2021.09.21
# 韓国 # 北朝鮮

「兵器好き」の金正恩も苦境か…北朝鮮と韓国の「誰も幸せにならない」軍拡競争の行く末

牧野 愛博 プロフィール

北朝鮮が韓国との競争に躍起になるワケ

そもそも、北朝鮮は通常兵器の老朽化から、米韓が対応しにくい戦術や兵器を用いる「非対称戦」に力を入れてきた。その象徴が核兵器や生物化学兵器といった大量破壊兵器だった。ところが、最近の北朝鮮は韓国軍と同じ兵器を導入することに躍起になっている。

北朝鮮が15日に発射した短距離弾道ミサイルKN23は、ロシア製のイスカンデルによく似た兵器とされるが、一方で韓国軍が持つ短距離弾道ミサイル玄武(ヒョンム)2B(射程500キロ)にも酷似している。関係国の間ではKN23について「北朝鮮がロシアか韓国から情報を盗んで製作した」という評価が通説になっている。

北朝鮮が9月11、12の両日に発射実験を行ったという新型の長距離巡航ミサイル(射程1500キロ)も、韓国を意識した兵器とみられる。1500キロは日本の大半を射程に収める距離だが、北朝鮮はレーダー設備が貧弱で水平線を超えた標的を確認できない。 この巡航ミサイルの速度は旅客機並みで、日本に到達するまで1時間以上かかる。

自衛隊の元幹部は「バルカン砲や空対空ミサイルでも撃墜できる。日本を狙う兵器ではないだろう」と語る。射程1500キロが持つ意味は、攻撃を受けにくい中朝国境沿いから、韓国全土を狙うという意味だろう。韓国はすでに巡航ミサイルを配備。国防科学研究所は9月15日の文大統領の視察時に、超音速巡航ミサイルの開発報告も行っている。北朝鮮の実験は、こうした韓国の兵器開発を大いに意識した結果とも言えそうだ。

 

では、なぜ、核兵器も開発した北朝鮮が、韓国との通常兵器の開発競争に躍起になるのか。そもそも、北朝鮮は米国を安全保障の最大脅威と捉え、韓国は眼中になかったのではないのか。

ひとつは、最高指導者金正恩氏の「兵器好き」がある。北朝鮮関係筋によれば、正恩氏は2016年3月6日に党・軍の側近数人に対し、「やりたいことを全部できるのは、強大な革命武力と威力のある主体的国防工業があるからだ」と指摘。「先端武装装備一つ一つが、肉親のように大切に感じられる」と語ったことがある。

今年1月の党大会でも、極超音速滑空飛行弾頭の開発や原子力潜水艦、SLBMを意味するとみられる水中発射型核戦略兵器の保有などを指示していた。

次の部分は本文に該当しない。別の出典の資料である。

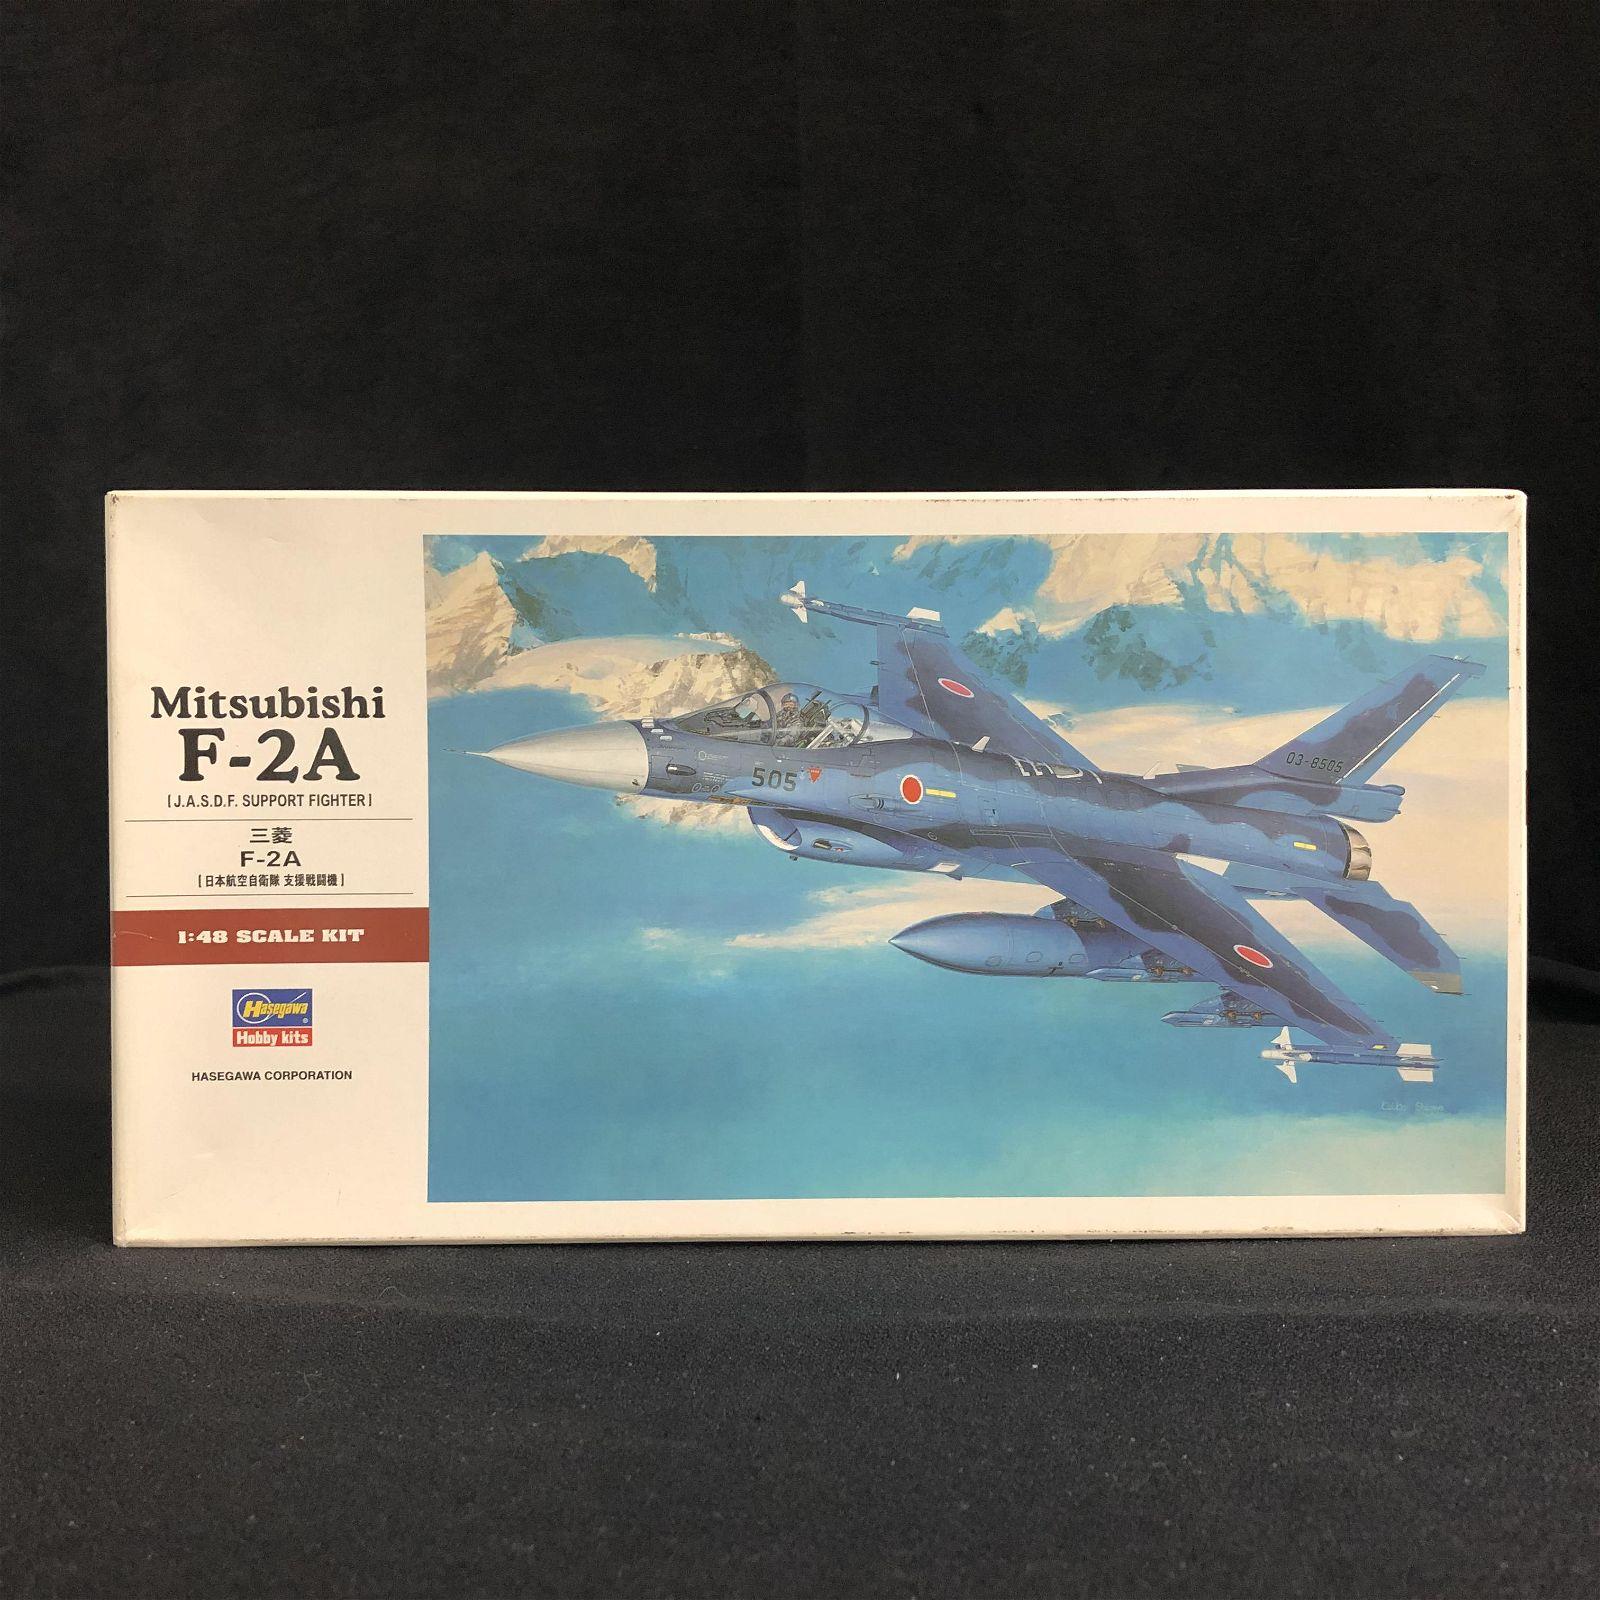 MINT CONDITION F-2A MITSUBISHI MODEL KIT

北朝鮮の最近の行動を見ていると、今年3月にもKN23を発射するなど、定期的に実験を繰り返している。自衛隊関係者は「開発に向けた強い意思を感じる」と語る。前述のとおり、金与正氏も15日の談話で兵器開発の理由について「兵器システム開発5カ年計画の初年の重点課題遂行」と説明している。

ただ、北朝鮮は非対称戦力の充実を目指し、2006年10月に初めての核実験を行った。北朝鮮は当時、市民向けの講習会で「核兵器を開発したので、これからは予算を経済や民生に回すことができる」と説明していた。今の動きは明らかに、この説明と矛盾する。